Dios tomó las arenas del desierto, que volaban como llovizna fina al menor soplo del viento, y con manos expertas y un poco de agua y fuego modeló un cuerpo de singular belleza: no podría haber sido de otro modo, se trataba de la concreción de su propia esencia abstracta. El generoso pecho divino, invisible, sus muslos robustos, también invisibles, sus ojos que lo veían todo pero a los que nadie veía, pudieron ser recorridos con la vista, contemplados, deseados, en cada trayecto de piel, en cada prominencia, en cada hueco del cuerpo de arcilla. Cuando finalmente le sopló vida el hombre abrió los ojos y no vio a nadie, pues envuelto ya en túnicas de aire transparente Dios se alejaba hacia las regiones de alta memoria.
Inmerso en sus navegaciones, a poco lo perturbó no obstante la belleza melodiosa de un lamento: tan dulce como Salicio en la Égloga Primera o grave como Quasimodo: “Ognuno sta solo nel suol dela terra, traffito da un rayo di sole...”, no importaba en qué lengua (a Dios no lo afectaba la diáspora babélica), comprendió que provenía de su estatua viviente, reciente creatura, el hombre. Y temió que se disgregara en la arena primigenia, ya que sabía que la expresión lírica es tan bella como insostenible y que despierta la atracción de los abismos. Entonces, como además de escultor y biólogo también en aquella época era maternal, Dios dijo: -No es bueno que el hombre esté solo. Allí fue cuando creó la mujer. Para ello no necesitó repetir el procedimiento: ya tenía medio camino hecho, la arcilla preparada, no se entretuvo soñando a medida que mezclaba la tierra y el agua y luego la sobaba con energía y la acercaba al fuego, gozando con las llamas juguetonas, como cuando lo había hecho al hombre, sino que, ya se sabe, tomó un pedazo de masa previamente convertida en carne o en hueso vivo. Todo fue más rápido, tal vez debido a las urgencias masculinas, y quizás por eso Dios la quiso menos y hasta le tomó un poco de fastidio a la nueva obra: los antiguos, aquellos que tuvieron algún encuentro del tercer tipo en esas épocas, así nos lo dan a entender. No estaba bien eso de querer a un hijo más que al otro pero bueno, de todos modos es comprensible, es humano, además eran solo sus criaturas, al fin y al cabo ajenas, extrañas, porque los amigos, los verdaderos compañeros de parrandas y aventuras estaban en otros niveles, así que los dejó que se miraran el uno a la otra intensamente y decidió bajar el telón ahí mismo. Lo demás ocurriría entre bambalinas. O en cualquier otro lugar. Como alguien lo había dicho, en el lugar de lo sagrado.

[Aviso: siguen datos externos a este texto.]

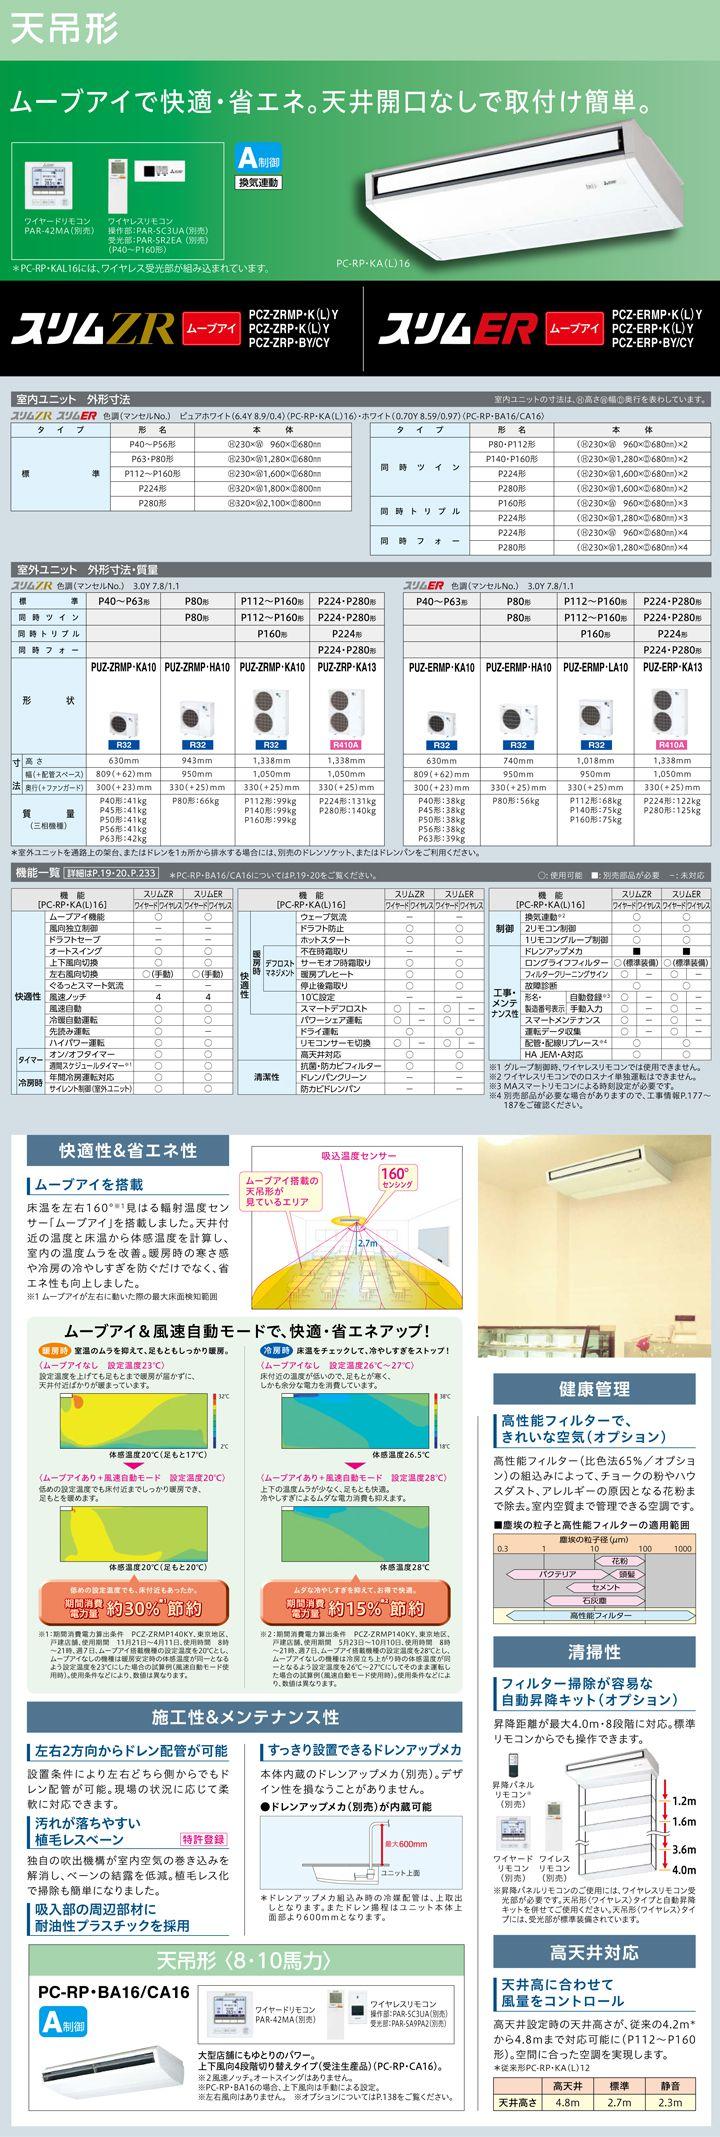 PCZD-ERP280KYカタログ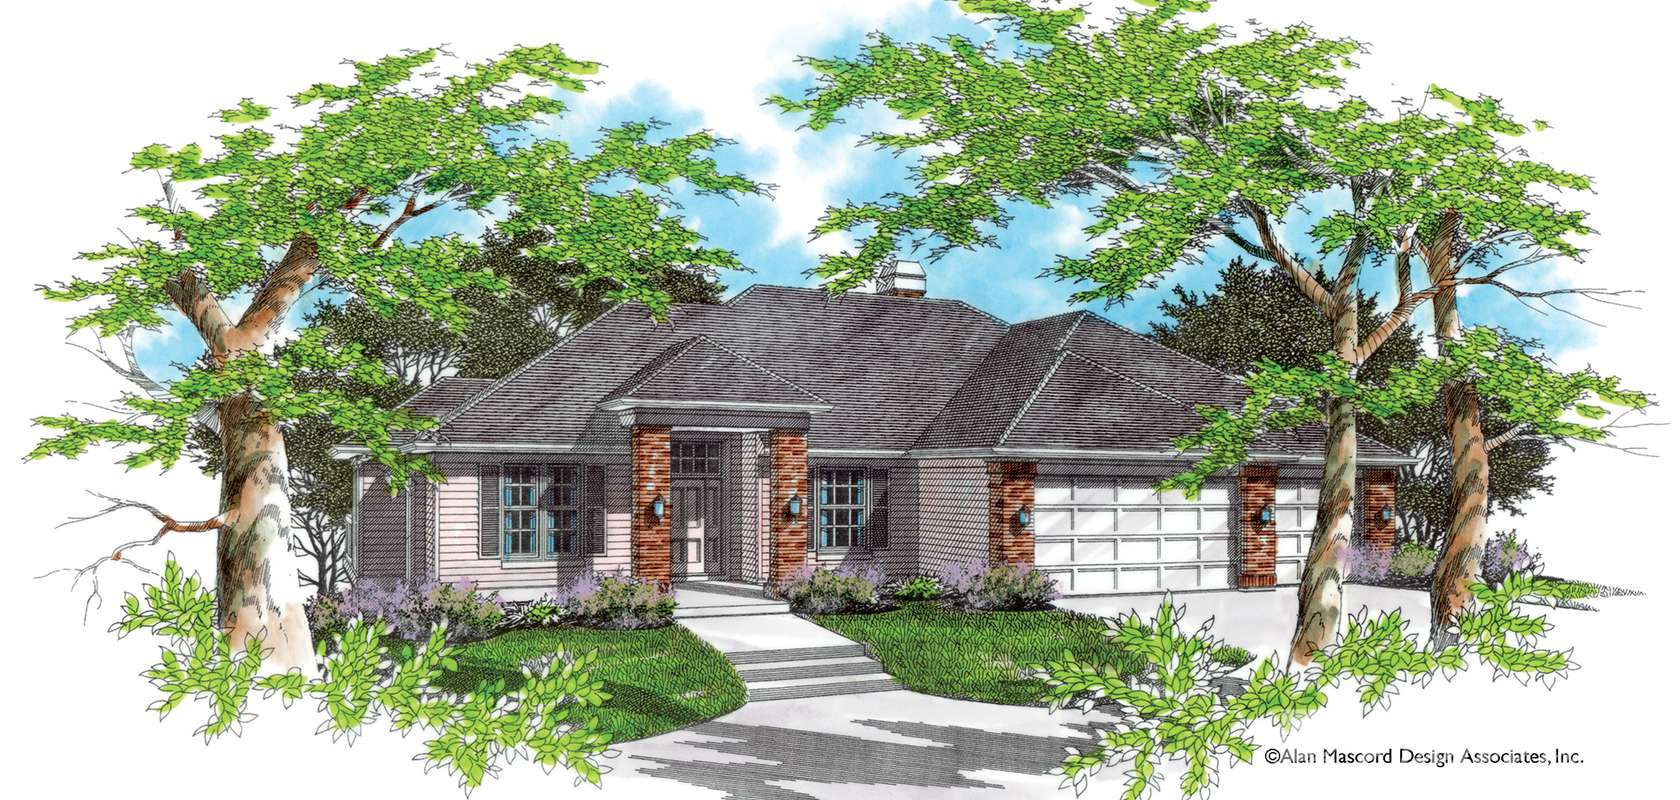 Mascord House Plan 1307: The Baldwin

Al tiempo, un nuevo lamento. Era triste, era bello pero bastante elemental, no le recordaba a ningún autor conocido. Tenía olor a sangre y a negrura, a cavernas y a salitre. No podría continuar en su placidez divina mientras lo oyera por lo cual decidió volver al mundo, oculto entre sus mantos invisibles. Y descubrió a la mujer, sola. El la había inventado para que el varón no estuviera solo, y era ella quien ahora estaba sola. Vaya a saber por qué, ingratitud, olvido, la guerra, el marketing. Ese no había sido su proyecto, algo le había fallado, algo había escapado a sus previsiones. Entonces se dijo para sí, mascullando, como por decir algo: -No es bueno que la mujer esté sola. Pero ya la Biblia estaba escrita y no se le podría agregar un párrafo más o escribir entre líneas (lo cual invalidaría el resto), además mucha agua había corrido y había mucha gente que sabía muchas cosas, profesionales de todo tipo, era difícil armar una explicación ignorando bibliografía autorizada y prestigiada por la comunidad científica, y tampoco por la vía de los hechos se podía hacer nada, quedaba lejos la época de los panes y los peces, así que decidió regresar, tal vez para siempre, a sus solares. Antes se hizo visible por un brevísimo instante en que permitió que ella lo conociera, la miró fijo a los ojos y le dijo, cuidando que su entonación no trasuntara ninguna ideología:
-No es mi problema.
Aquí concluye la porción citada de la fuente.